Perfect Health Diet by Paul Jaminet

Perfect Health Diet

Can you prevent and cure cancer, heart disease, diabetes, stroke, or obesity? Can we maintain youthful vitality and good health to a ripe old age? According to Perfect Health Diet by Paul Jaminet, Ph.D. and Shou-Ching Jaminet, Ph.D. it is not only possible, but has been done. The authors explain what condition’s they suffered and subsequently “cured” using the nutritional ideas in this book. The Jaminets state that they wrote this book about the Paleolithic Diet for healthy people, chronic disease sufferers, and doctors and scientists. Paleo for short, the diet also known as the caveman diet. The introduction is a great overview and may be all the casual reader is likely interested in, but for a more indepth study of the “how’s and why’s” the rest of the book is important.

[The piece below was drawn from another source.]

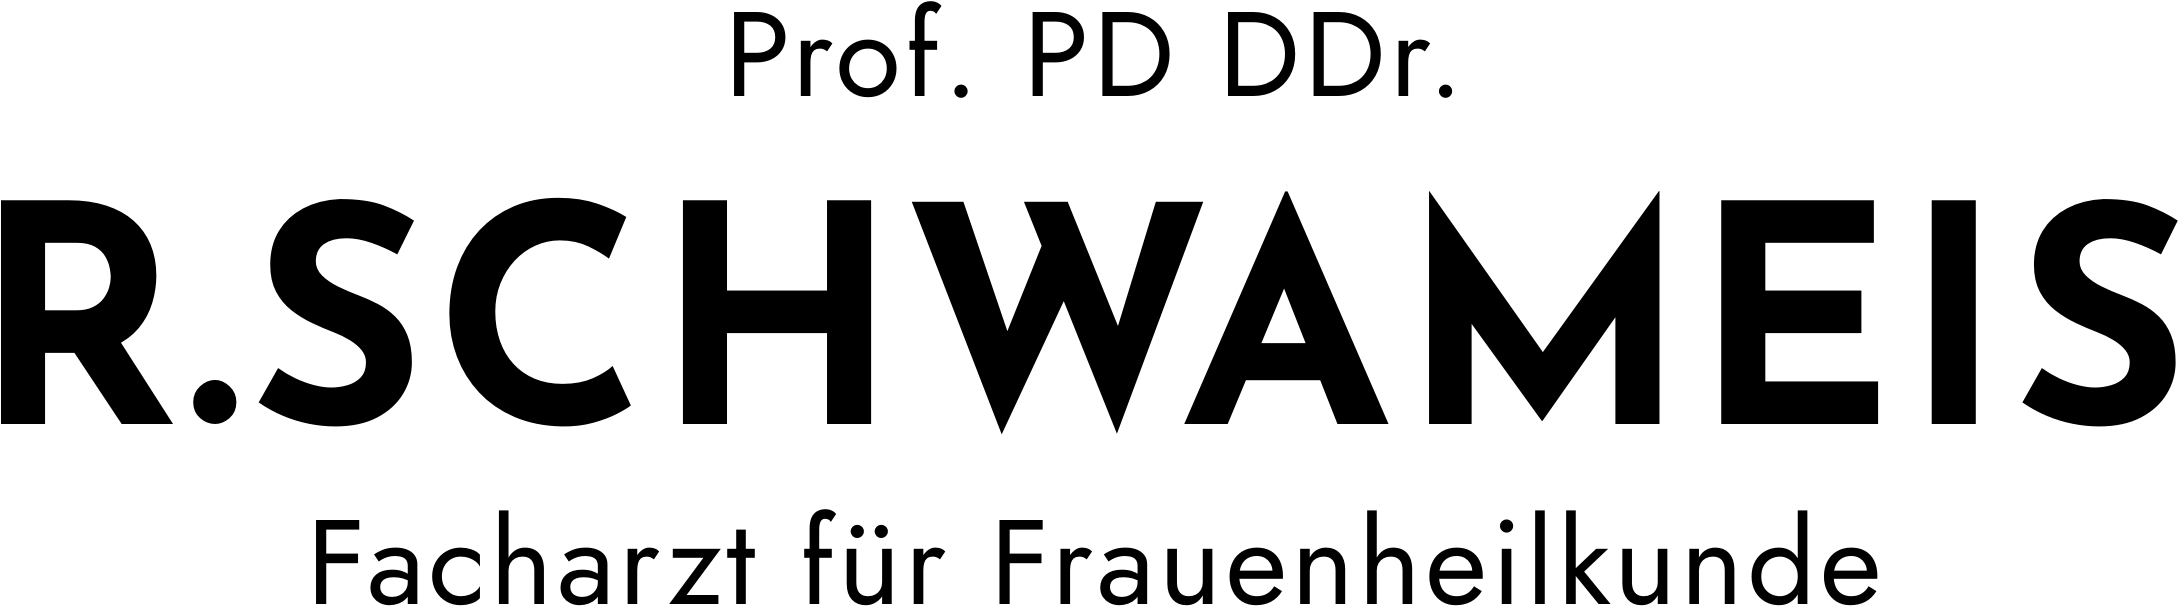 dr schwameis logo ohne symbol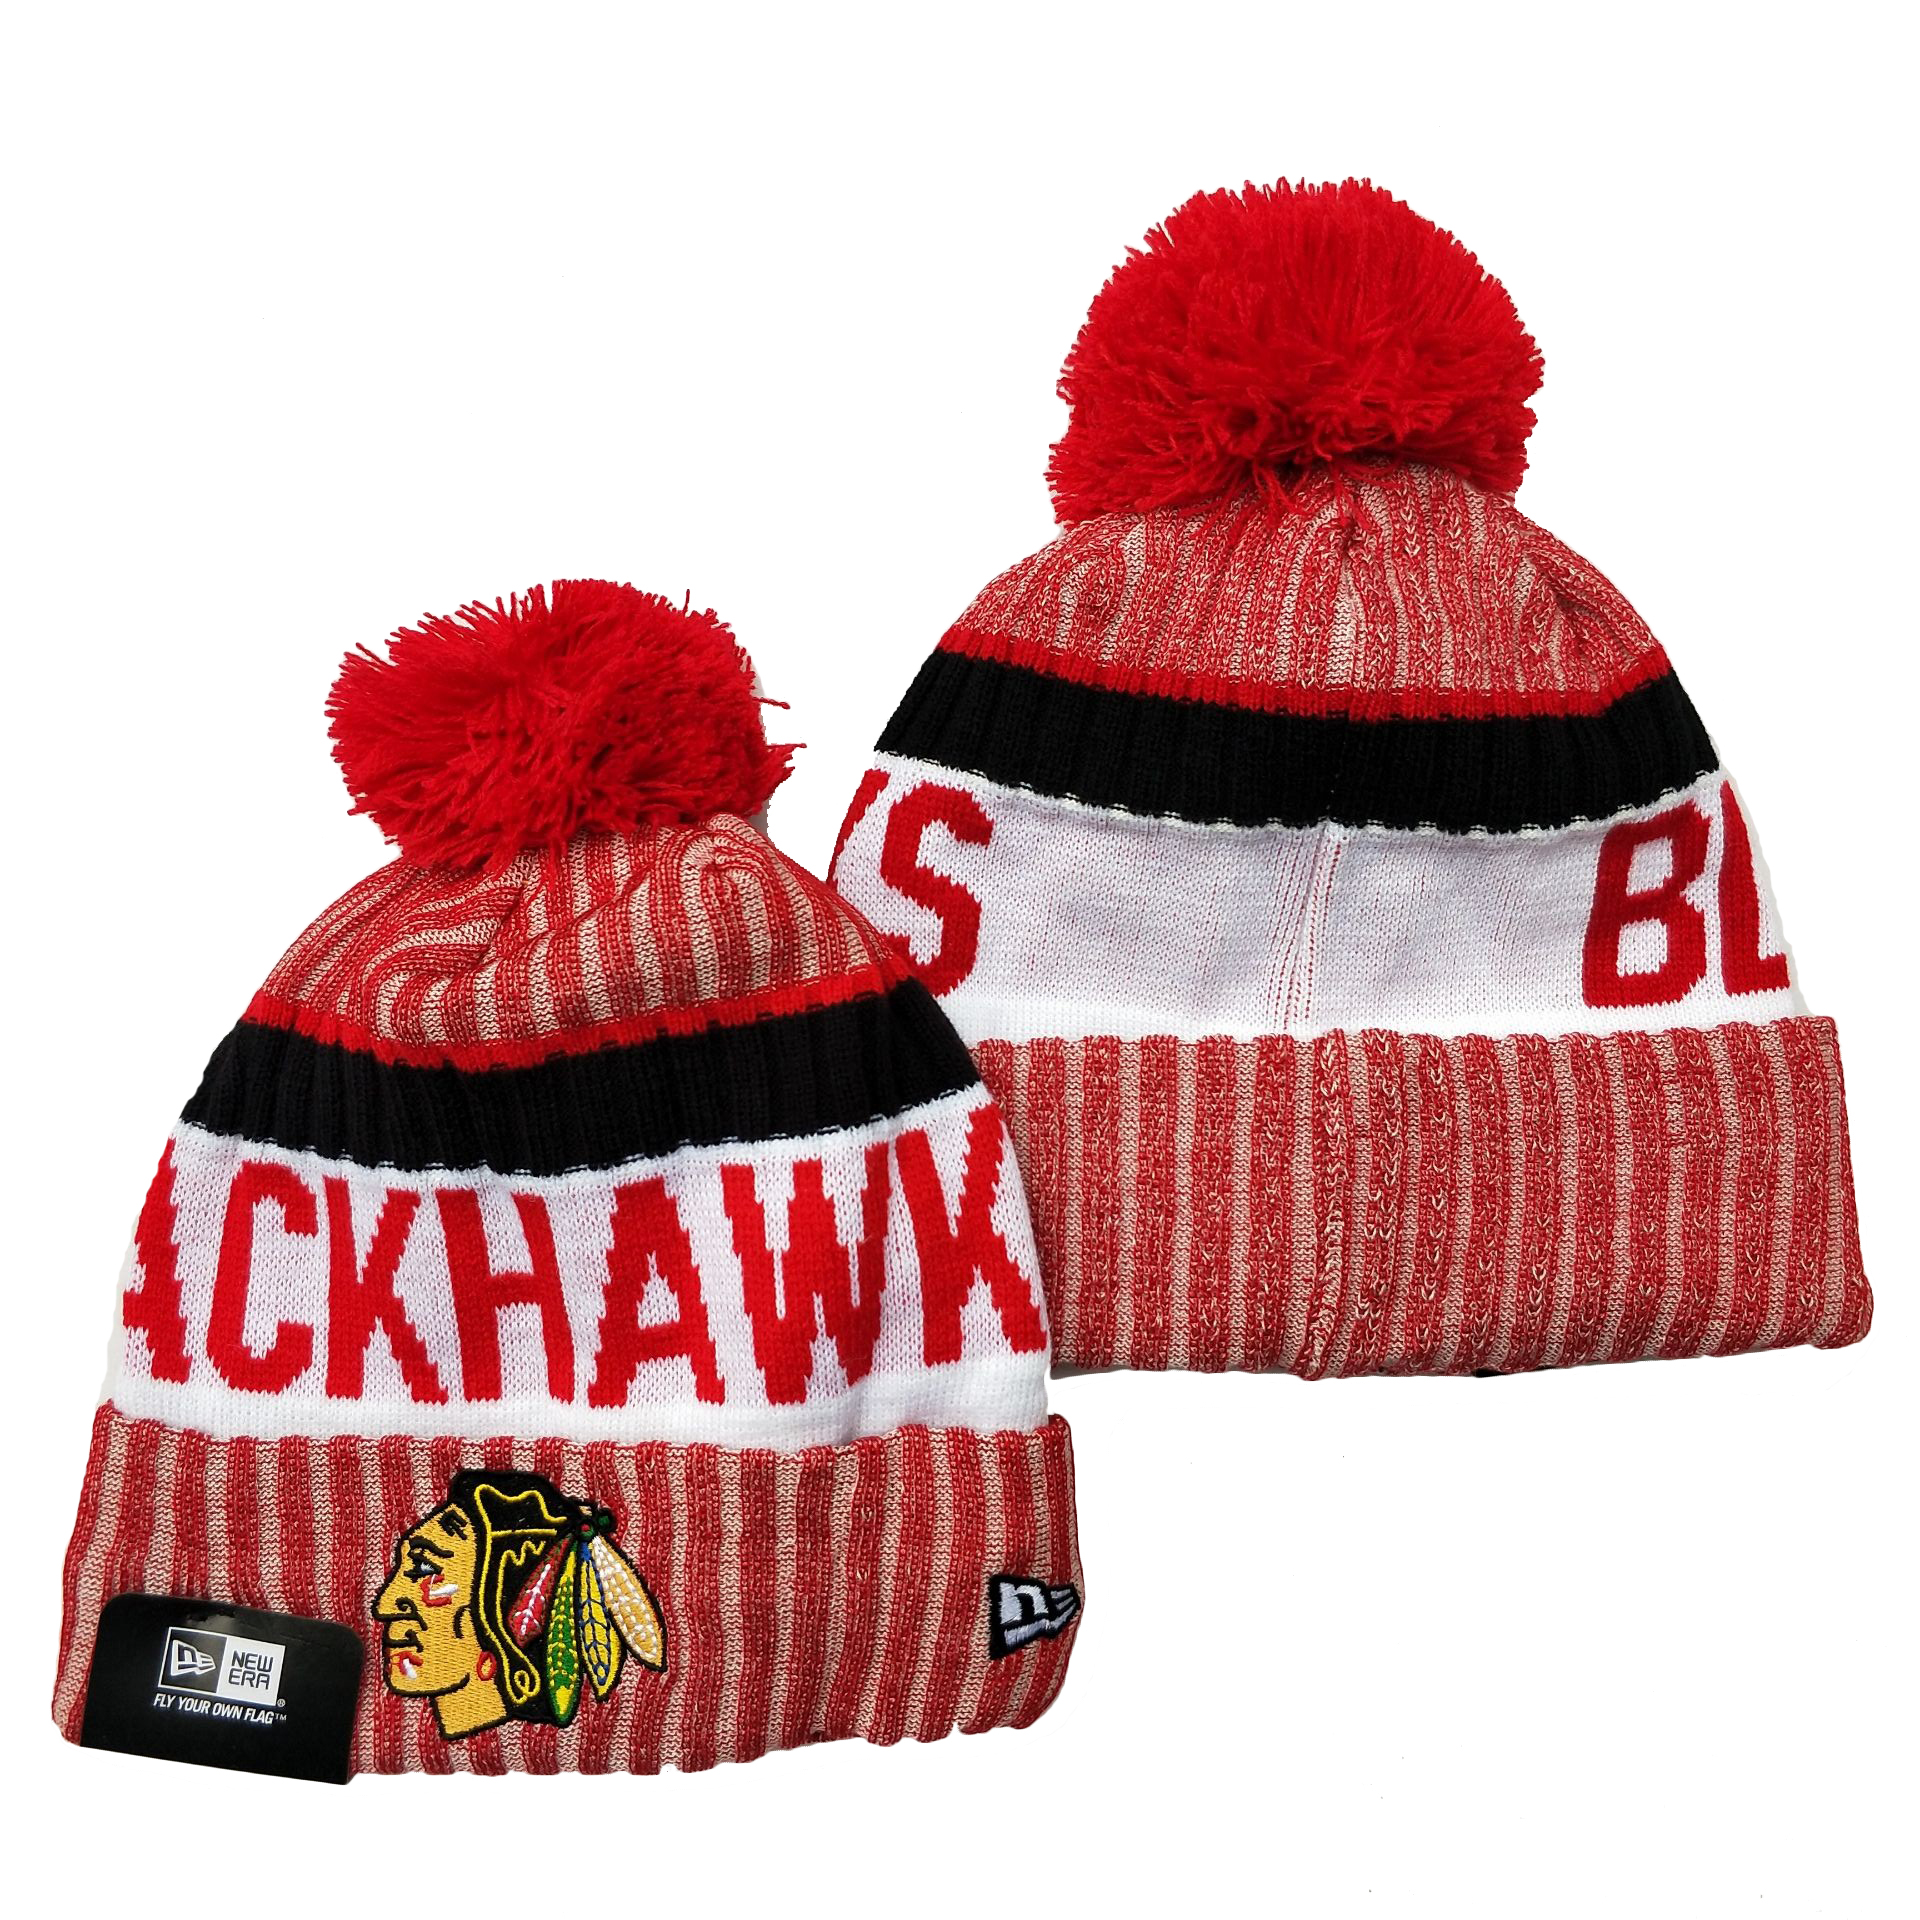 Blackhawks Team Logo Red Cuffed Knit Hat YD

In this book, the Jaminets claims that there are four (4) steps to gain renewed health, youthful vitality, and long life: Step One – Optimize Macronutrients; Step Two – Eat Paleo, Not Toxic; Step Three – Be Well Nourished; and Step Four – Heal and Prevent Disease. They also go on to demonstrate how and why our carbohydrate, protein, and fat ratios should be a 20-15-65 ratio instead of the recommended 55-15-30. He also talks about healthy weight loss, stumbling blocks, and even a “how to” for vegetarians regarding this diet.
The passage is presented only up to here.